Evaluation of Tropical Kudzu legume as a potential protein source for cattle in Vietnam

Nguyen Van Hiep

Faculty of Animal Science and Veterinary Medicine,

Nong Lam University, Ho Chi Minh City, Vietnam

nguyenvanhiep5@yahoo.com

Mixed crop-livestock farming systems in the tropics

In most developing countries, crop-livestock production systems constitute the backbone of agriculture. The systems involve crops, livestock, land, water etc., in which these sub systems and their synergistic interactions have a significant positive and greater total effect than the sum of their individual effects (Edwards et al., 1988). Mixed systems have been practiced by small scale farmers throughout the world and account for highest proportion of the meat production of the world (De Haan et al., 1997). Diversification, saving and recycling resources are their basic characteristics, which provide stability and a positive environmental impact of the systems. However mixed farming systems bring more complications to farm management, difficulties in isolating existing problems (Prawikrokosoumo, 1989) and generally lower yields compared to specialized and intensified production systems (Fick and Clack, 1998).

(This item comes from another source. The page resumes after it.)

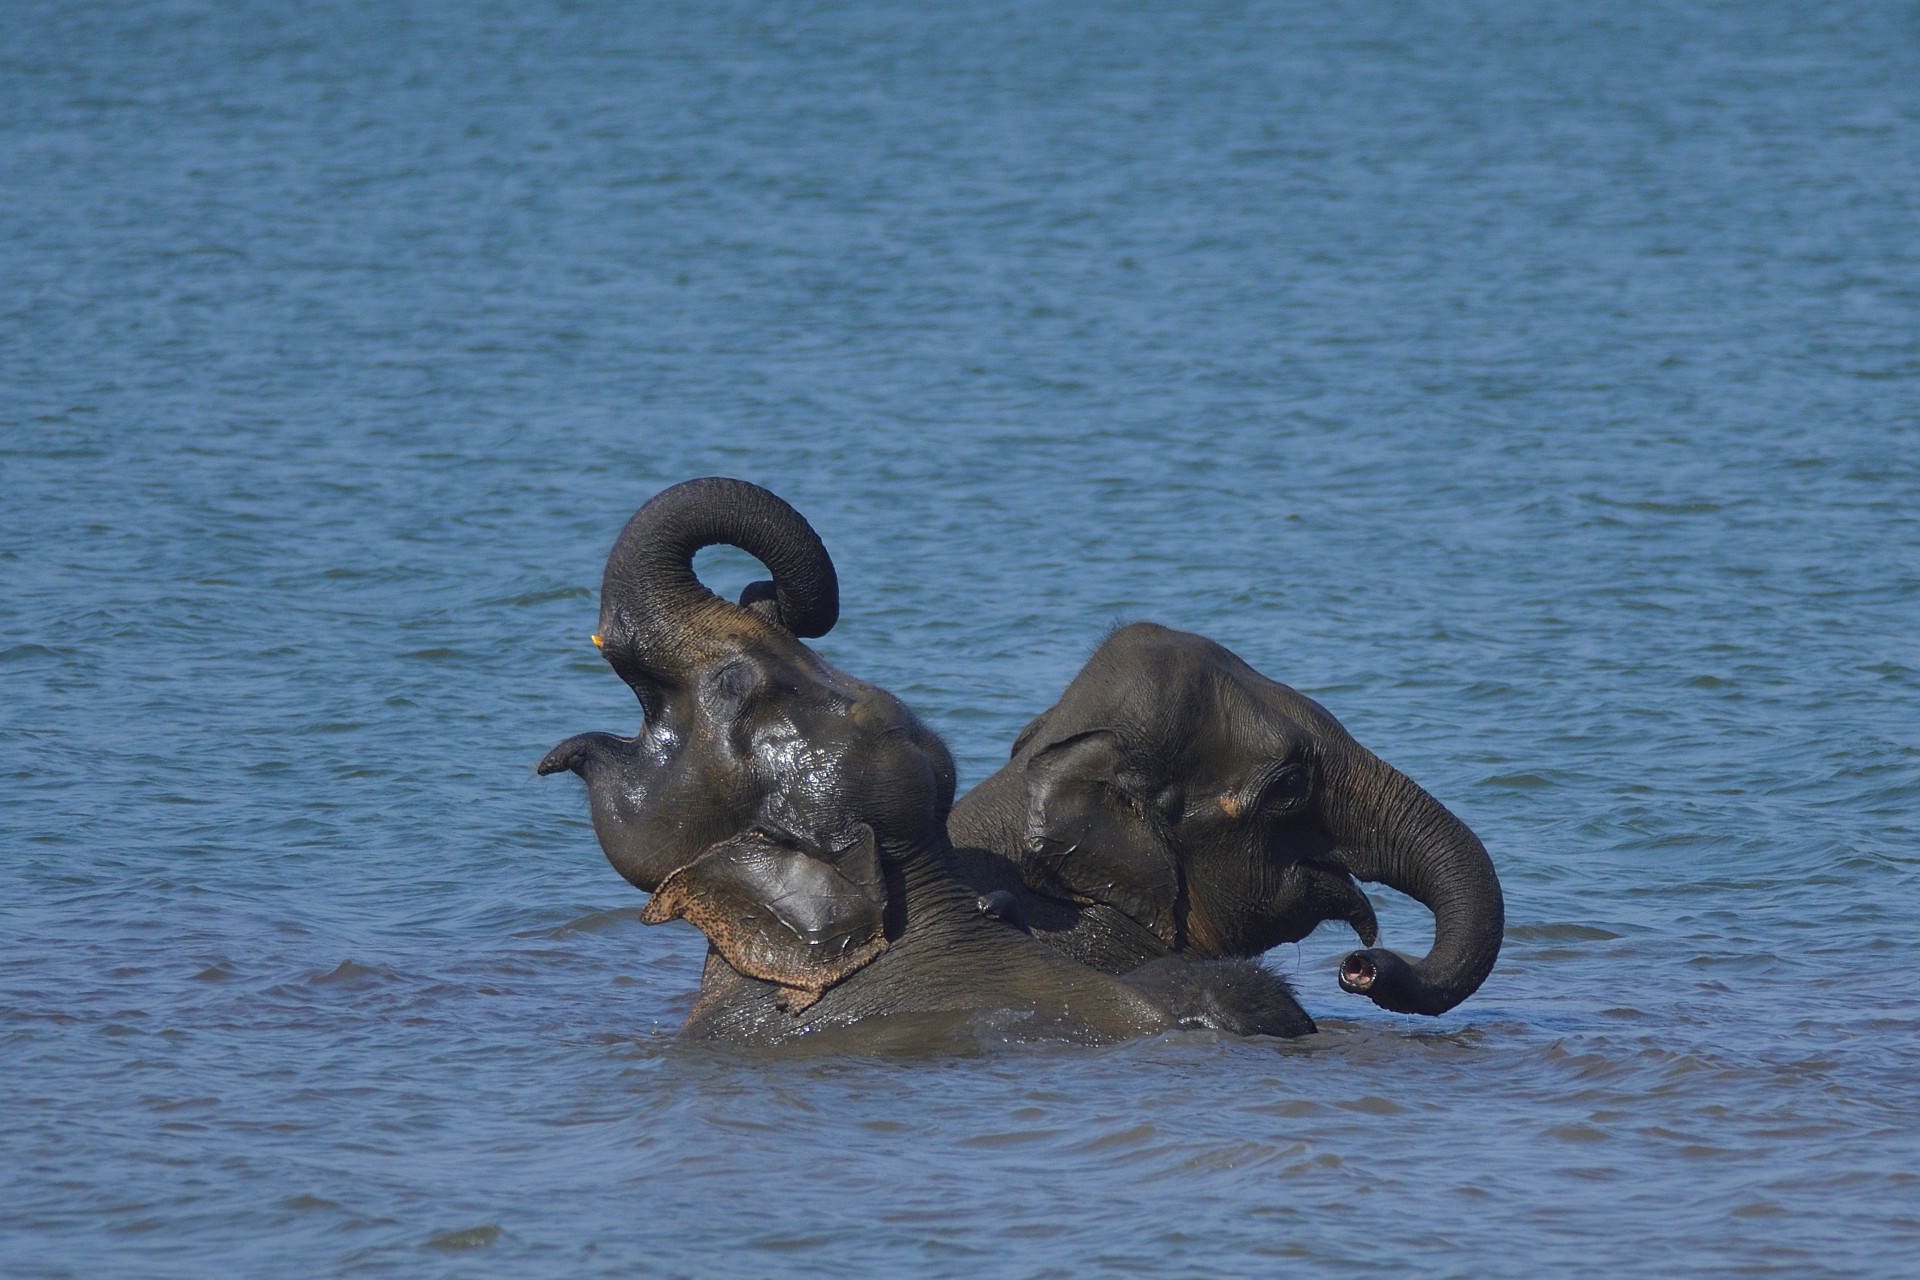 Elephant playing in water

In the context of most tropical developing countries the production systems are changing from extensive to intensive, especially systems combining arable cropping. This situation increases with the decreasing availability of arable land and population growth and the mixed crop-livestock farming systems become more common and effective. In this sector, the principal aim should be improved feeding and nutrition, in which the objective is maximum use of the available feed resources, notably crop residues and low quality roughages, and also various leguminous forages as supplements (Devendra, 2000). Follow that strategy in the present study, better use of Kudzu legume inter-planted with rubber in biomass production improvement by cutting management and forage preservation was the aims of the study.

Forage biomass production and nutrition value

Forage is defined as plants and plant parts that are consumed by livestock. Forages are comprised of carbohydrate, protein, fats, minerals, vitamins and some unique compounds as important is lignin (Table 1: Van Soest et al., 1991). Concentration of cell wall generally is regarded as the most important factor affecting forage utilization because it comprises the major fraction of forage dry matter and is correlated with forage intake and digestibility. Cell wall, composed mostly of structural carbohydrates and lignin, account for 40 to 80% of the organic matter in forage crop. Stems of most forage have a higher concentration of cell walls than leaves (Buxton, 1990).

Production of large amounts of good quality forage per unit of area is an important pasture parameter because of its effect on carrying capacity and hence production per animal and per unit area (Whiteman, 1980). Optimum field management is aimed at getting the highest biomass production, which satisfies the animal’s needs, as usually determined by animal performance. The herbage cutting management strategies are mainly aimed to the dual purpose: the biomass production and the quality of the forage.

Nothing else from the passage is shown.